Contudo, na mensagem eletrônica acostada aos autos, verifica-se que a servidora, corretamente, apenas indicou as disposições legais pertinentes ao assunto, inclusive com transcrição do art. 27 da Resolução TSE 23.607/19, sem tecer outros apontamentos que pudessem induzir a linha interpretativa defendida pela recorrente.

Assim, está caracterizada a irregularidade, consubstanciada no valor de R$ 1.107,87 em excesso de gastos operados com recursos próprios da candidata, que representa 37,77% do total de receitas declaradas (R$ 2.932,85), inviabilizando a aplicação dos princípios da proporcionalidade e da razoabilidade para mitigar a repercussão da falha sobre o conjunto da contabilidade.

Do mesmo modo, eventual ausência de má-fé e a alegada colaboração com o juízo processante, ainda que possam ser valoradas por ocasião da dosagem da penalidade prevista para o caso, não constituem motivo para relevar a irregularidade cometida ou deixar de aplicar a norma sancionatória.

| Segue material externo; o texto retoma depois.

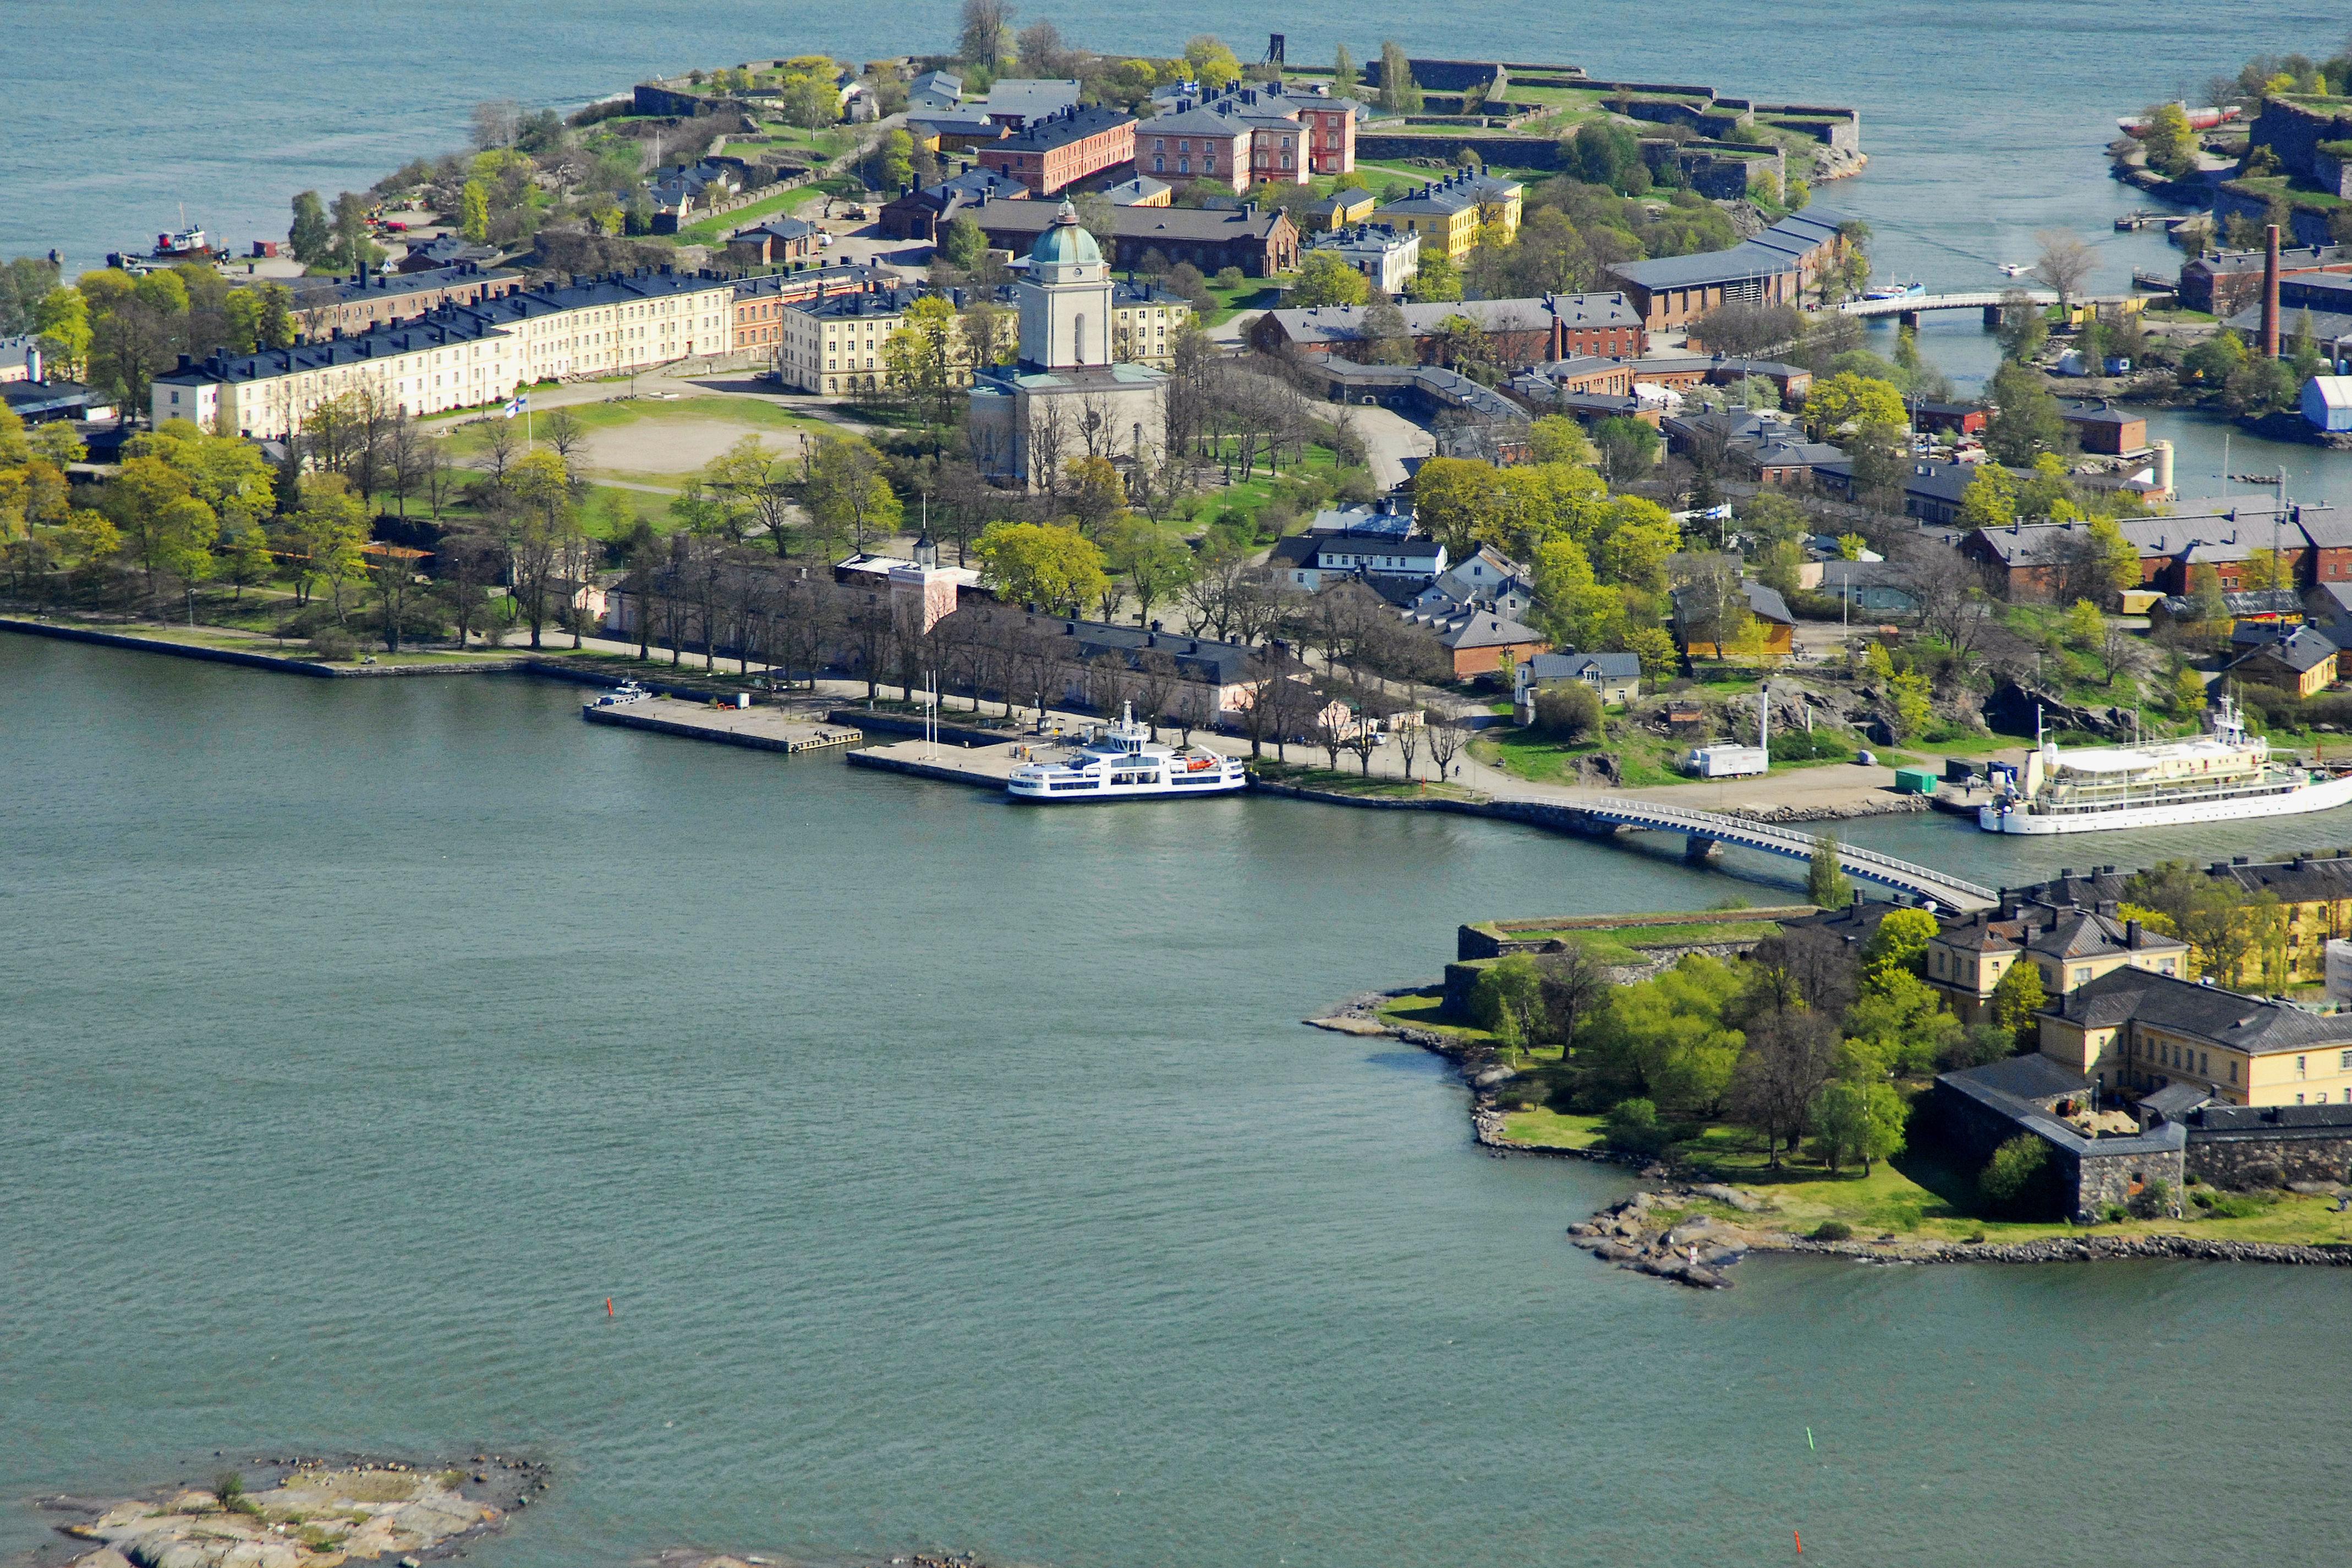 Ferry Suomenlinna

Na hipótese, a penalidade de multa fixada na sentença no percentual de 30% da quantia em excesso, equivalente a R$ 332,36, com supedâneo no art. 27, §§ 1º e 4º, da Resolução TSE n. 23.607/19, afigura-se razoável, adequada e proporcional à falha verificada e às peculiaridades do caso, consoante fundamentou a sentença:

Para fins de aplicação e dosimetria da multa deve-se considerar o contexto fático probatório dos autos, a boa-fé da prestadora, assim como, as condições e valores envolvidos na irregularidade constatada.

Partindo-se de tais premissas, e considerando que, de um lado, o percentual de extrapolação é expressivo diante do total da receita e, de outro, o excedente refere-se a recurso estimável com cessão de veículo próprio da candidata, o que constitui a única irregularidade evidenciada nas contas, a aplicação de multa no percentual correspondente a 30% da quantia em excesso revela-se adequada à finalidade pretendida.

 

ANTE O EXPOSTO, VOTO pelo desprovimento do recurso, para manter a desaprovação das contas e a condenação à multa correspondente a 30% da quantia em excesso, equivalente ao valor de R$ 332,36, nos termos da sentença.